Your Complete Guide To Menopause

Discover how menopause affects the body, how symptoms can be treated, and how it impacts lifestyles in our ultimate guide to menopause.

Updated: Tuesday 26 March 2024


menopause guide

Did you know a third of the UK female population is either perimenopausal (transitioning to menopause), menopausal, or postmenopausal according to the latest data from the NHS?[1]

This equates to approximately 13 million women of which 10% report being taught about menopause at school and almost two-thirds are estimated to start seeking information about the condition only after symptoms have appeared.[2]

In order to bridge this knowledge gap, our experts have created this comprehensive guide to menopause answering some of the most pertinent questions regarding this condition.

Read on to learn how long menopause lasts, what the symptoms of menopause are, how to manage menopause using treatments like Gina, and much more.

What happens during menopause?

During menopause, a woman's ovaries stop producing two key hormones that regulate menstruation - oestrogen and progesterone. If the body no longer produces these hormones, periods stop occurring (hence the name menopause, which translates to ‘the last menstrual period’).

Menopause is a natural process that typically begins between the ages of 45 and 55, although the exact age can vary from woman to woman.[3]

When does menopause start?

Research shows that menopause usually starts 12 months after a woman’s final period[4]. However, the symptoms of menopause can begin to occur several years before that point. It is recommended to take a menopause test to be certain of whether menopause has started.

What are the 3 stages of menopause?

The 3 stages of menopause are called perimenopause, menopause, and postmenopause.

Perimenopause typically begins during the 40s and refers to the time leading up to menopause when oestrogen and progesterone production begins to fall.[5]

Menopause, on the other hand, refers to the stage when menstruation has stopped for at least 12 consecutive months.[6] In the UK,[7] the average age of women who experience menopause is 51.

After this stage is reached, a woman is considered to be in postmenopause.

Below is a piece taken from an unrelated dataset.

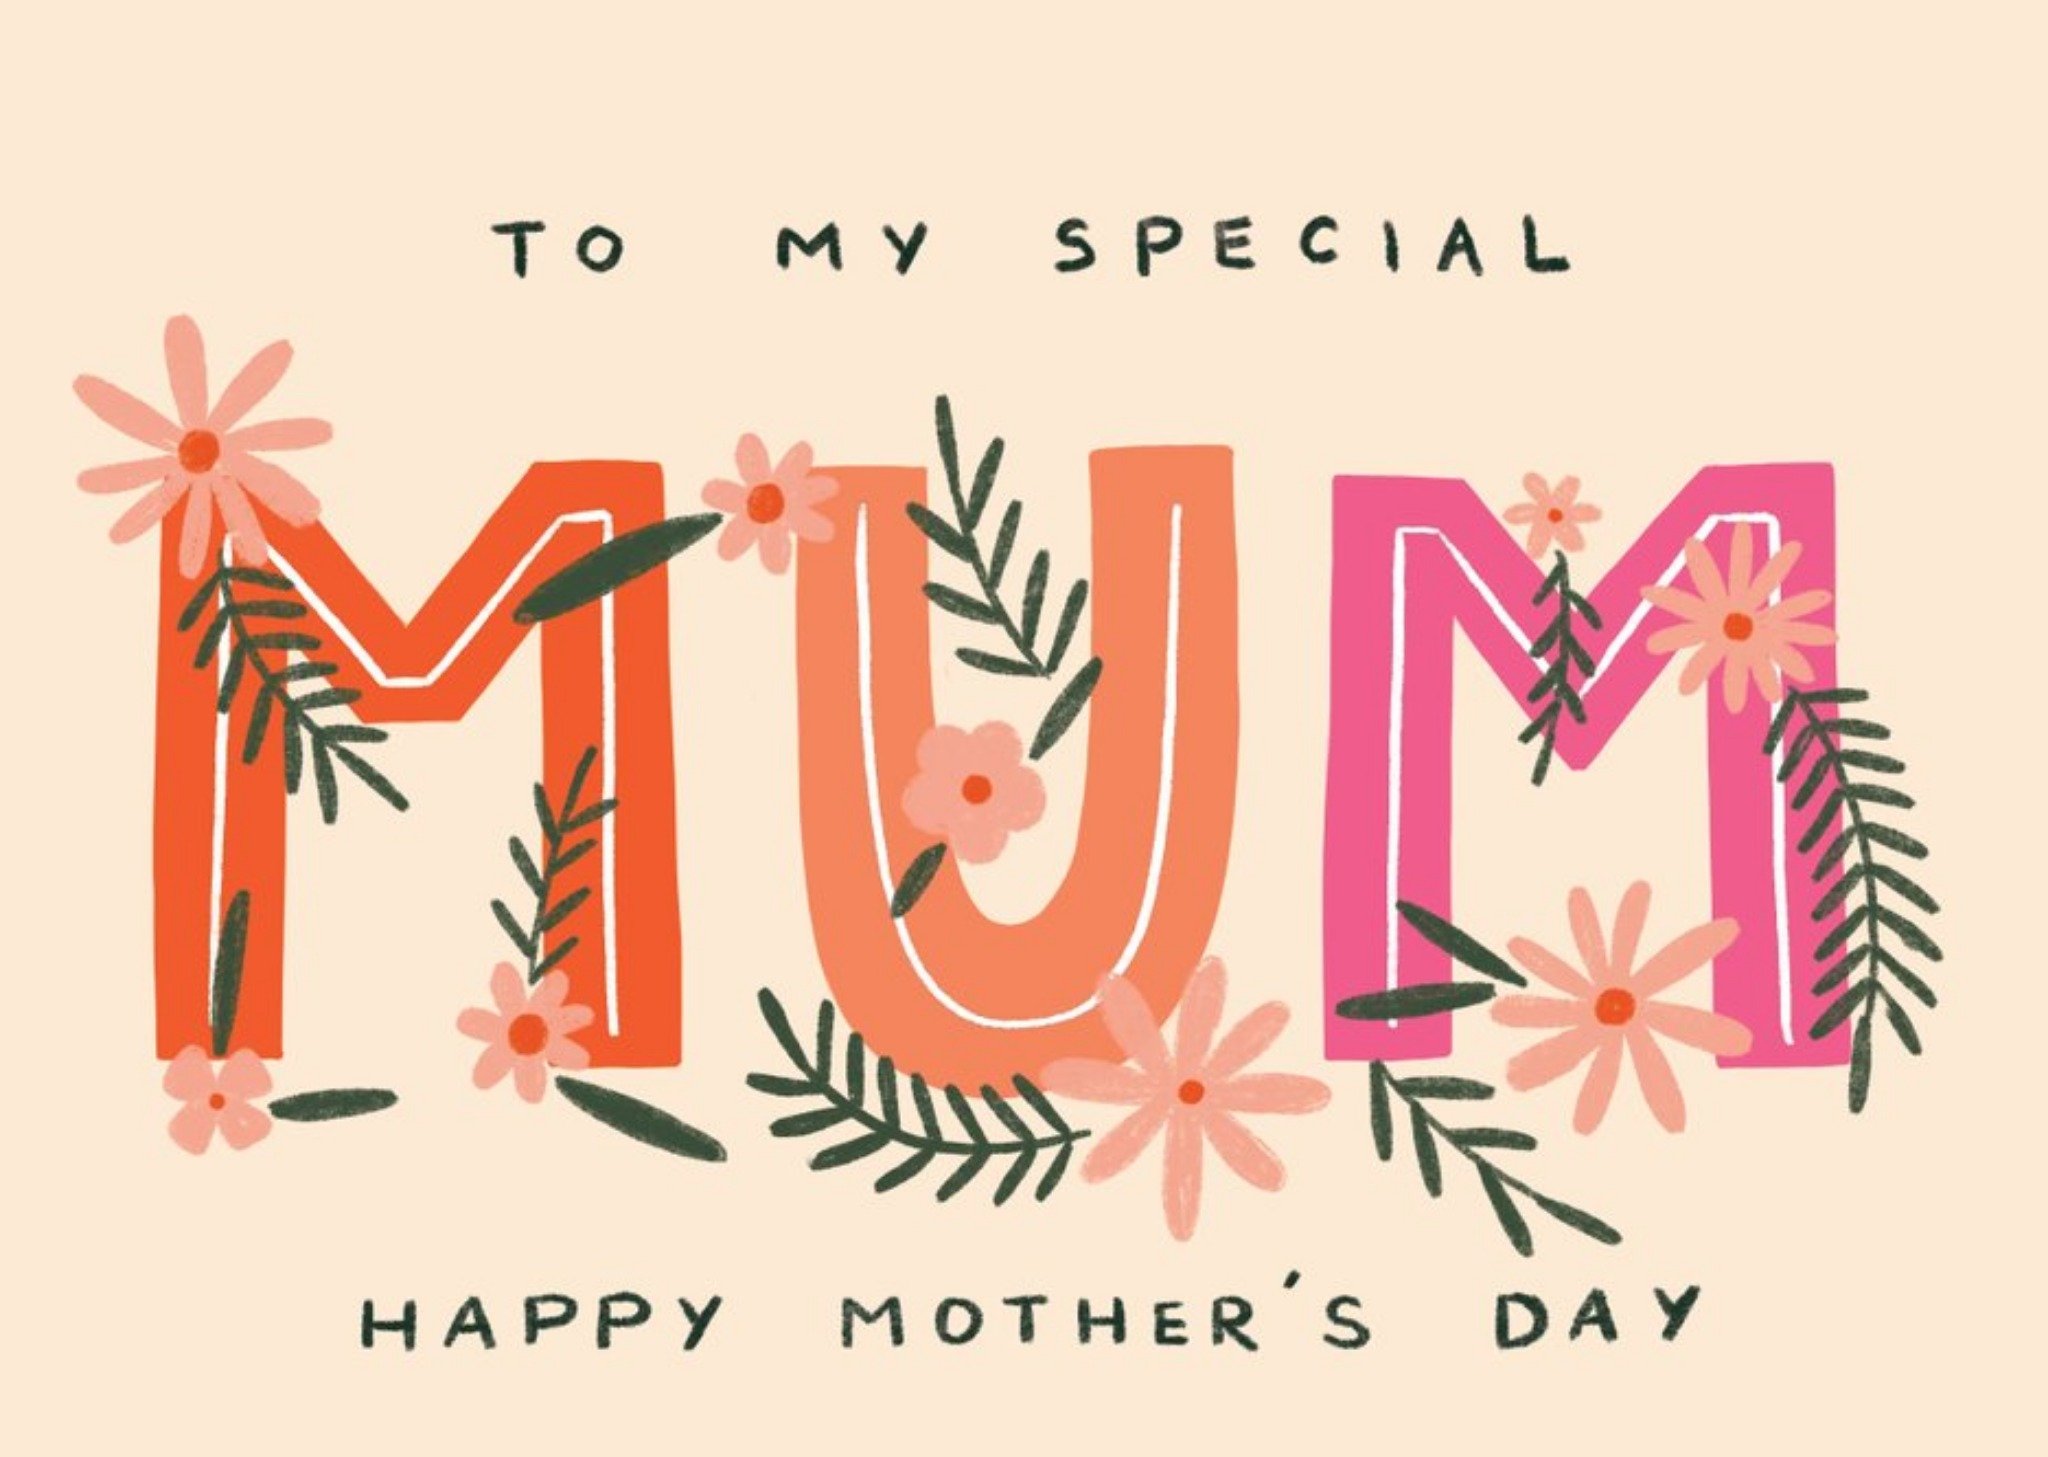 Moonpig To My Special Mum Happy Mother's Day Floral Typographic Card, Large

What are the symptoms of menopause?

The symptoms of menopause can overlap with the perimenopausal and postmenopausal stages as well as per the NHS.[8] These include:

Symptom Can it occur during perimenopause? Can it occur during menopause? Can it occur during postmenopause?
Hot flashes Yes Yes Yes
Irregular periods Yes No No
Heart palpitations Yes Yes Yes
Dryness in the intimate area Yes Yes Yes
Increased skin oiliness Yes Yes Yes
Headaches or migraines Yes Yes Yes
Hair thinning Yes Yes Yes
Loss of bone mass and/or osteoporosis Yes Yes Yes
Joint pain, stiffness, and/or aches Yes Yes Yes
Urinary incontinence Yes Yes Yes
Difficulties sleeping (also known as menopausal insomnia) Yes Yes Yes
Anxiety Yes Yes Yes
Mood changes Yes Yes Yes
Memory lapses Yes Yes Yes
Reduced libido Yes Yes Yes

How long does menopause last?

According to prominent medical sources,[9,10] menopause can last anywhere between 4 and 10 years. The average duration of the perimenopausal stage is estimated to be 4 to 8 years, while the average duration of the menopausal stage is estimated to be 4 to 7 years. However, some symptoms of menopause may persist beyond these time frames.

How to treat menopause

The primary way to treat menopause is through Hormone Replacement Therapy (HRT). Additionally, menopause supplements can be taken to alleviate various menopausal symptoms, including sleep disturbances, hot flashes, mood changes, and more.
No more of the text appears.